Okay, enough engineering speak. If you want to know more about C/I, Mark van der Hoek also writes about it in the cellular radio basics article.

The dBm

The dBm stands for decibels above or below one milliwatt. We measure a signal's gain or loss by comparing it to a fixed reference point, the milliwatt, one thousandth of a watt. Things get a little complicated here. Read Mark's comments slowly. And then again for the best understanding:

"If you receive a signal at one milliwatt you have a signal strength of 0 dBm. Loss is measured in dB, and to know loss you must know the original power level. IF the original transmit power is 0 dBm and the received signal strength is 0 dBm, then you can say the loss is 0 dB.

"If you receive a signal that is 0.001 milliwatts, then you have a loss of 30 dBm. Again, same problem. You would have a signal strength of -30 dBm, and a loss of 30 dB."

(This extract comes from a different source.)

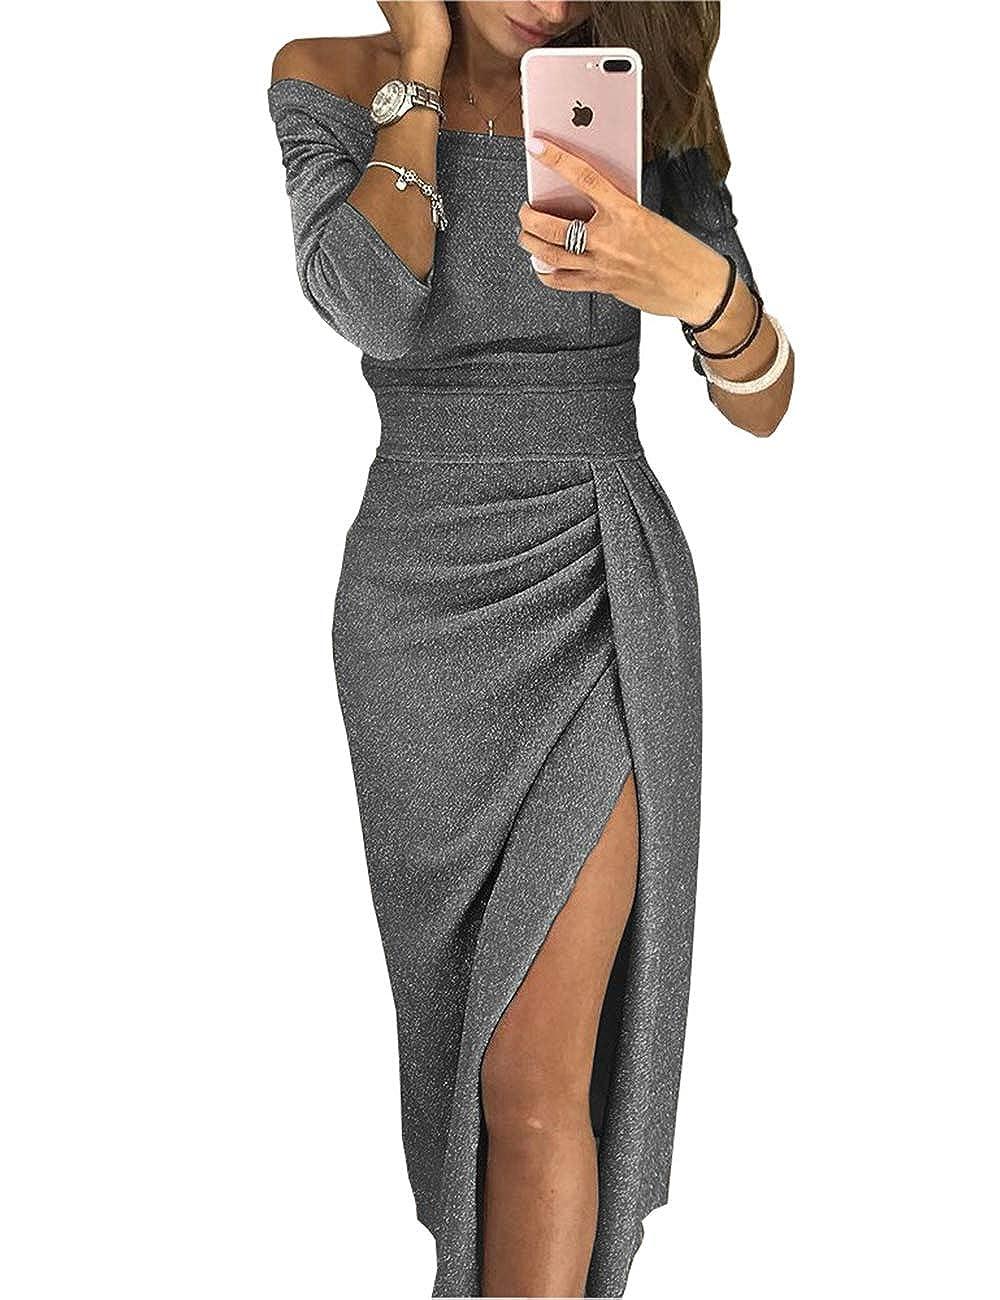 da0c1492760df Lrud Mujeres Shiny Off Shoulder Ranura De Muslo Fruncido Sexy Midi Vestidos  de Fiesta  Amazon.es  Ropa y accesorios

"Some methods of testing analog phone lines include dialing a number that answers and provides a 1-milliwatt reference signal at 1000 Hz. The meter on the line measures the 1000-Hz signal on its end and displays a reading. Most POTs telephone lines are between -20 and -32dBm. This is true because the original signal level is known. It would be correct to say that the line loss is 20 to 32 dB. dBs measure a ratio between two levels. dBm measures a power level (not a ratio), referenced to a known power level. It is expressed as a ratio to that known power level, but it is not a ratio.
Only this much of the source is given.